An orchestrator of situations and 'private games', Sophie Calle's artworks unpack the dichotomies of personal and public, reality and fiction, and art and life in her ongoing unfolding and revisiting of stories.
Read MoreIn particular, she is recognised for her detective-like ability to follow strangers and investigate their private lives.
For Suite Vénitienne (Venetian Suite) (1980—1994), Calle followed a man she encountered briefly in Paris, referred to as Henri B. Documenting her journey in black-and-white photographs, maps, and texts, Calle shadows Henri B. all the way to Venice, and back to Paris. Later iterations of the work saw the artist re-present the journey in a confessional sound installation and a text borrowing the physical and narrative format of a detective casebook.

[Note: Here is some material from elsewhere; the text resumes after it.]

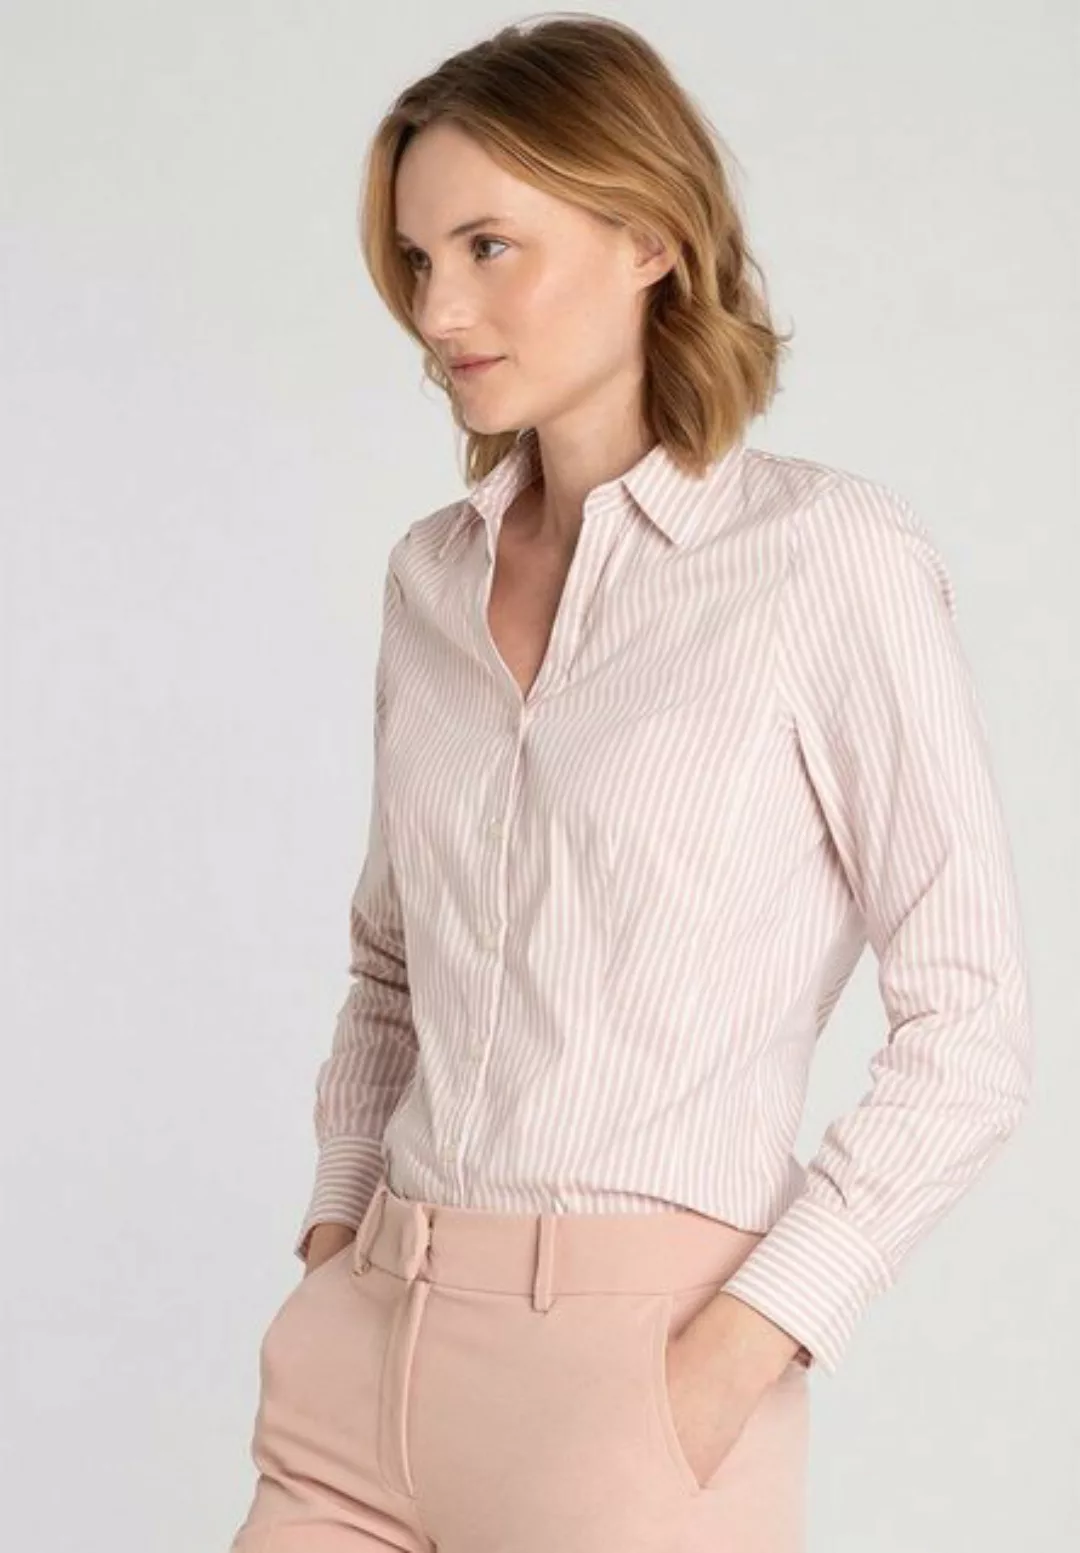 Hemdbluse mit Streifen, rosa/weiß, Frühjahrs-Kollektion günstig online kaufen

The elaboration of chance events extends to The Address Book (1983), which began when Calle found an address book on the street, belonging to a man named Pierre. Treating her finding as a quest to get to know Pierre through the contacts listed in his address book, Calle documented this process in interviews, personal commentary, and photographs, and published a series of articles in the newspaper Libération.
The events and interactions of Calle's early practice are characteristic of her oeuvre as a whole, with surveillance, voyeurism, and narrative used as compelling and sometimes controversial devices through which to explore intimacy and human experience. Calle's practice has also been seen to align with the Oulipo French literary movement of the 1960s, in which constraints are sought to generate new structures and methods of writing.
In a conversation with Catherine Shaw for Ocula Magazine, Calle states: 'I am an artist trying to provocate through different situations, to use them as a tool in order to make a work of art. Sometimes it is through using life and text or images. I have a tendency to work with quite arbitrary situations.'
Calle's storytelling has oftentimes examined personal events in the artist's own life. When Calle represented France in the 2007 Venice Biennale, she presented Take Care of Yourself (2007), where she asked over a hundred women to analyse a break up email to Calle from her former partner, with the work's title taken from the email's closing line. The installation itself reveals the various interpretations of the email—interpretive dance, legal annotations, performative responses, musical translations, and spelling and grammar corrections, amongst others.
In her project Rachel, Monique, which was published as a book in 2017, Calle processes the death of her mother through diary excerpts, narrrative storytelling, and photographs. These somewhat obsessive, performative exercises in processing intimate loss and grief operate as a cathartic outlet for the artist, while establishing an affinity with her audience through the sharing of universal experiences.
Calle is known to appropriate distinct formats such as the documentary, forensic report, or genre novel, and chooses her mediums based on what she views as the most effective way to communicate the outcomes of an event she has facilitated. Voir la mer (2011) loosely borrows from the documentary portrait convention, comprising a series of video portraits which capture the reactions of residents of Istanbul as they see the ocean for the first time.
Though her practice can be seen to have a sociological or anthropological dimension, Calle states her work is not produced for sociological reasons, but for artistic reasons. For Voir la mer, Calle begins with shots of the residents' backs, leaving their initial reactions private before they face the camera. In this sense, Calle complicates the boundaries of chance and control, authorship and integrity, while nevertheless revealing poignant moments of her subjects' experience.